Since March of 2020, over 29 million Americans have been diagnosed with COVID-19, according to the CDC. Over 540,000 have died in the United States as this unprecedented pandemic has swept the globe. And yet, by the end of 2020, it looked like science was winning: vaccines had been developed.

In celebration of the power of science we spoke to three people: an individual, a medical provider, and a vaccine scientist about how vaccines have impacted them throughout their lives. Here are their answers:

John Scully, 79, resident of Florida

Photo courtesy of John Scully

When John Scully was born, America was in the midst of an epidemic: tens of thousands of children in the United States were falling ill with paralytic poliomyelitis — otherwise known as polio, a disease that attacks the central nervous system and often leaves its victims partially or fully paralyzed.

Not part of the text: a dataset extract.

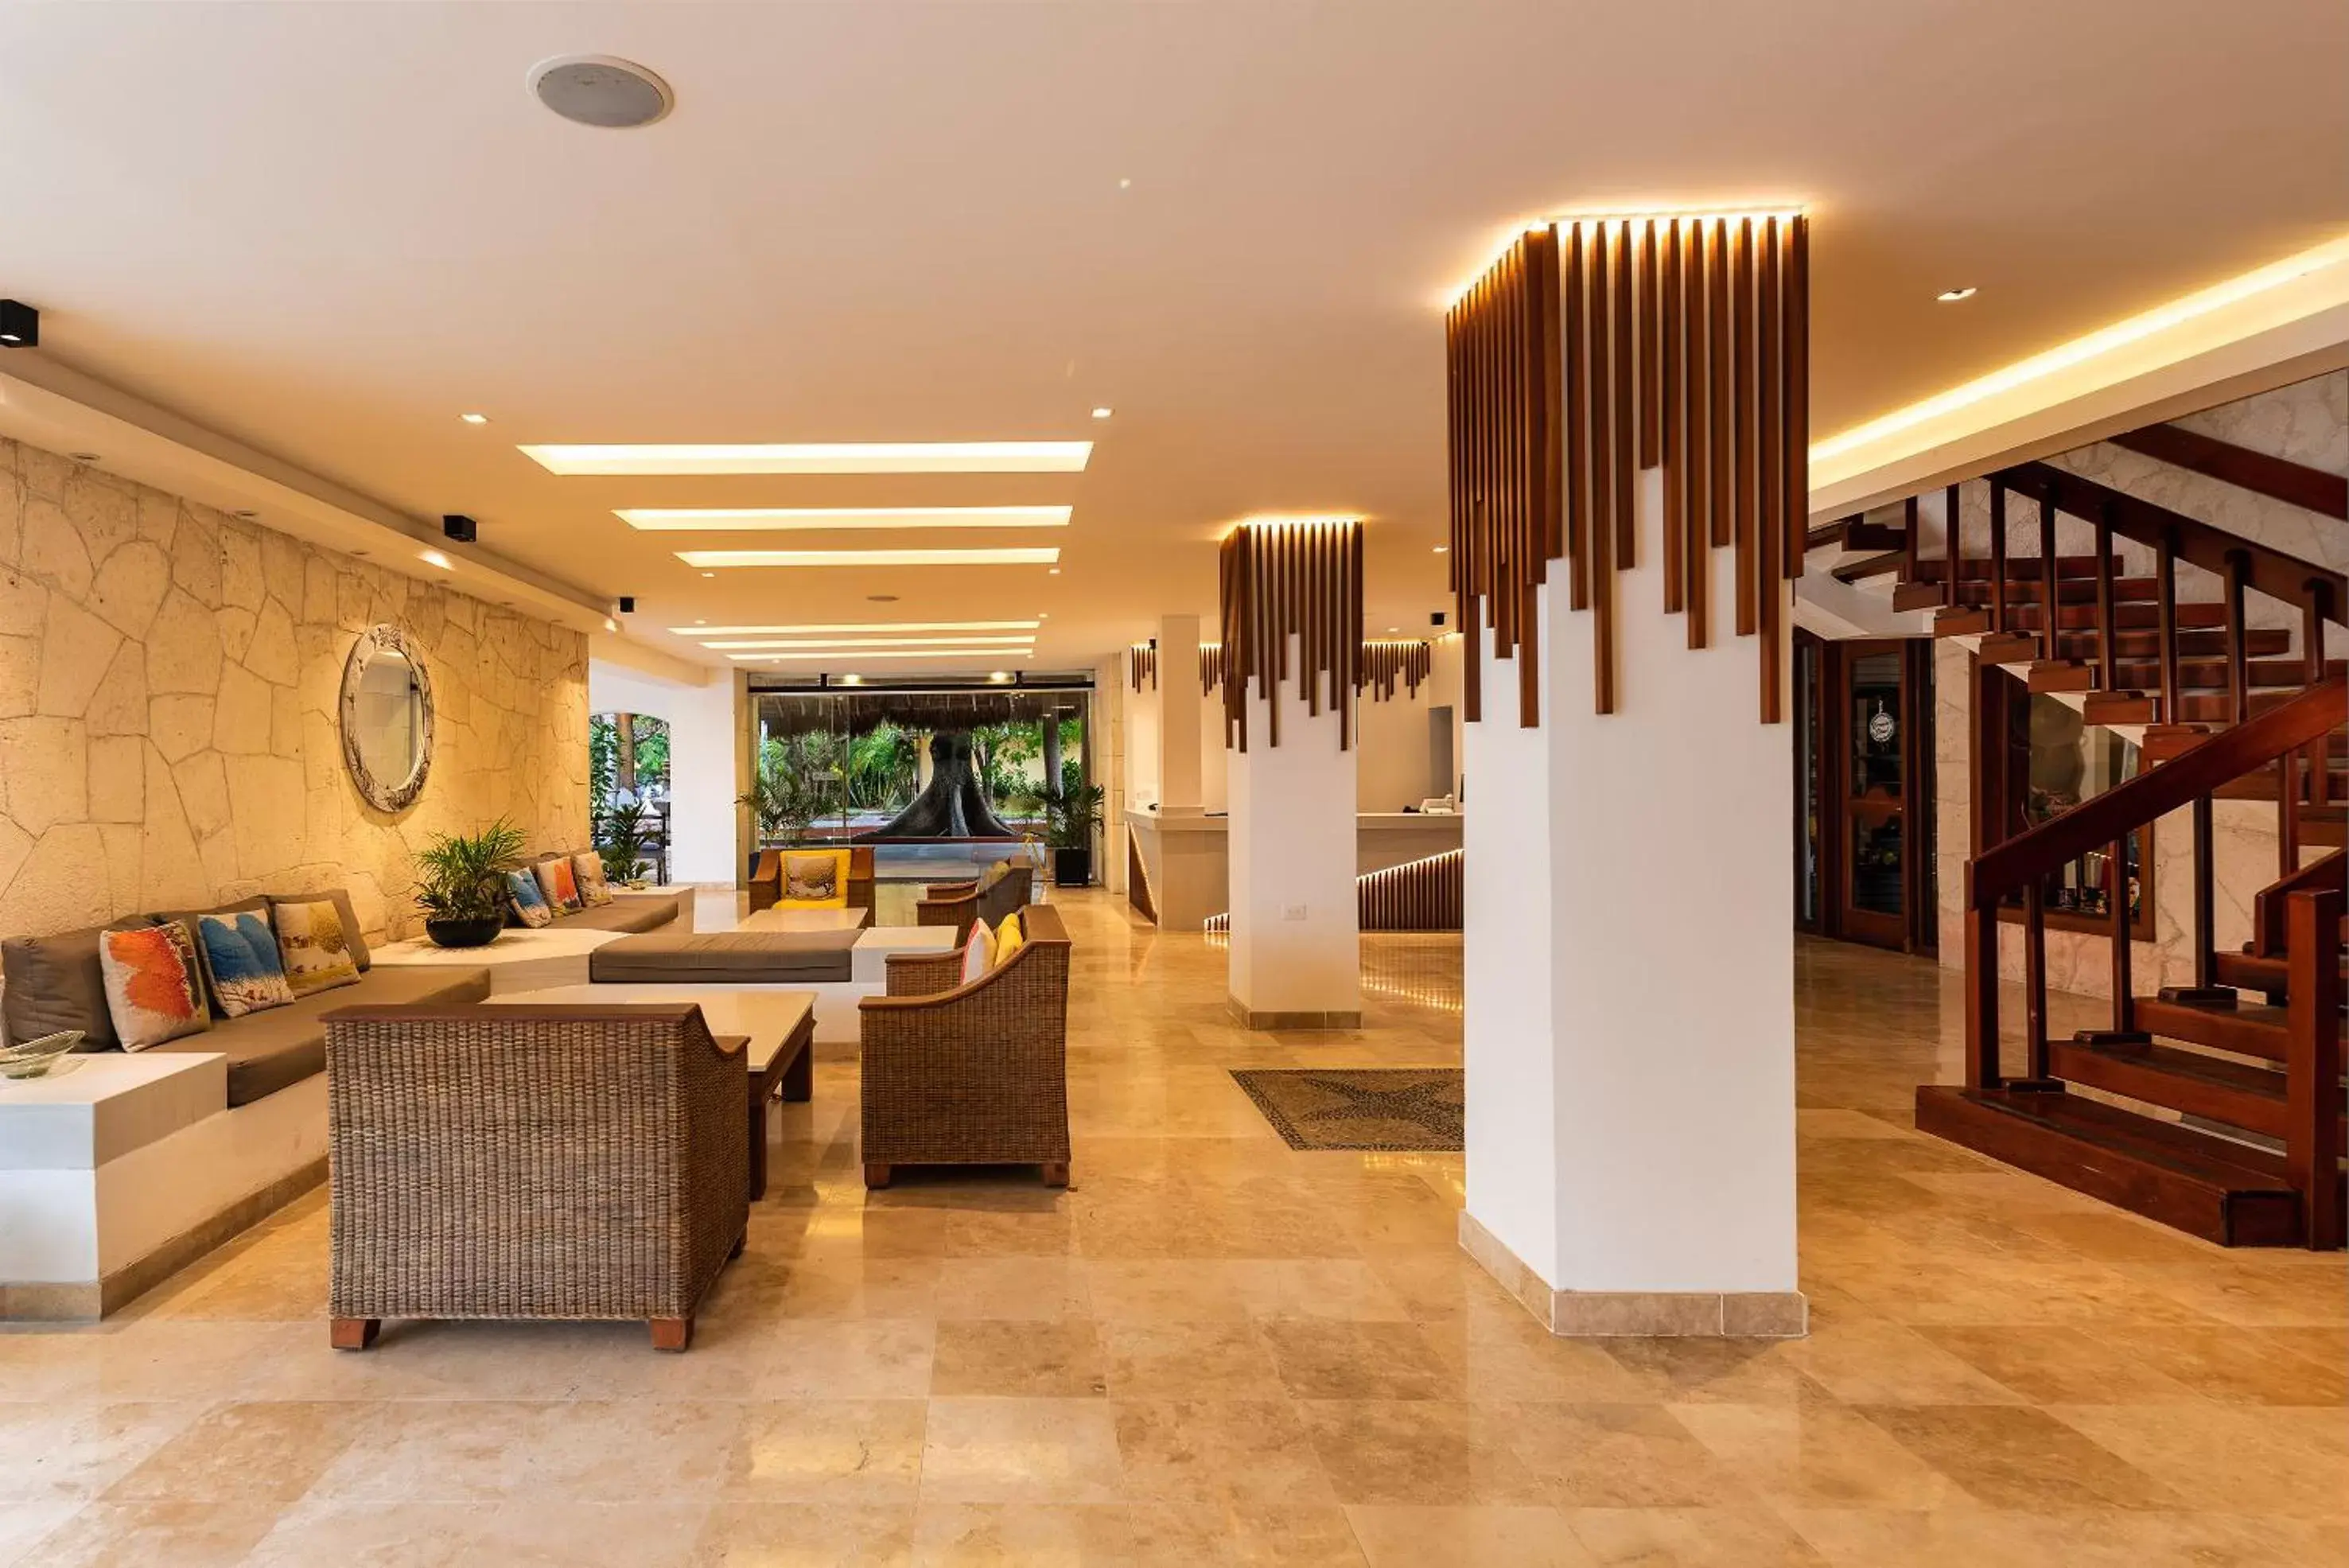 Lobby or reception, Lobby/Reception in Playa Azul Cozumel

"As kids, we were all afraid of getting polio," he says, "because if you got polio, you could end up in the dreaded iron lung and we were all terrified of those." Iron lungs were respirators that enclosed most of a person's body; people with severe cases often would end up in these respirators as they fought for their lives.

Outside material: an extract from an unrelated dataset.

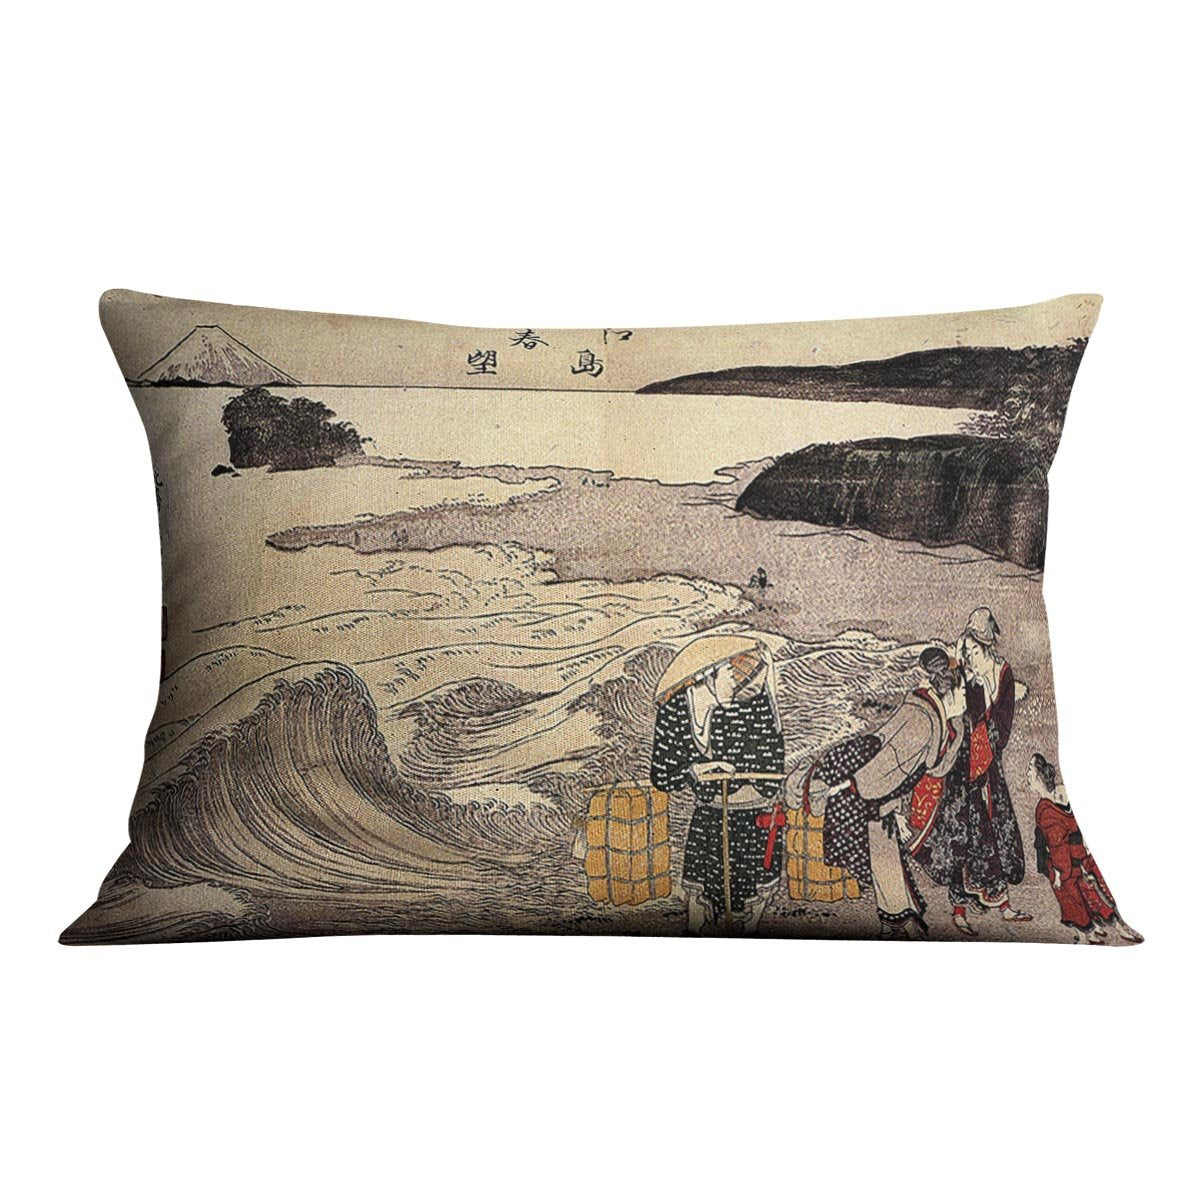 Women on the beach of Enoshima by Hokusai Throw Pillow

John remembers going to see matinee showings of cowboy movies on Saturdays and, before the movie, shorts would run. "Usually they showed the news," he says, "but I just remember seeing this one clip warning us about polio and it just showed all these kids in iron lungs." If kids survived the iron lung, they'd often come back to school on crutches, in leg braces, or in wheelchairs.

"We all tried to be really careful in the summer — or, as we called it back then, 'polio season,''" John says. This was because every year around Memorial Day, major outbreaks would begin to emerge and they'd spike sometime around August. People weren't really sure how the disease spread at the time, but many believed it traveled through the water. There was no cure — and every child was susceptible to getting sick with it.

"We couldn't swim in hot weather," he remembers, "and the municipal outdoor pool would close down in August."

Then, in 1954 clinical trials began for Dr. Jonas Salk's vaccine against polio and within a year, his vaccine was announced safe. "I got that vaccine at school," John says. Within two years, U.S. polio cases had dropped 85-95 percent — even before a second vaccine was developed by Dr. Albert Sabin in the 1960s. "I remember how much better things got after the vaccines came out. They changed everything," John says.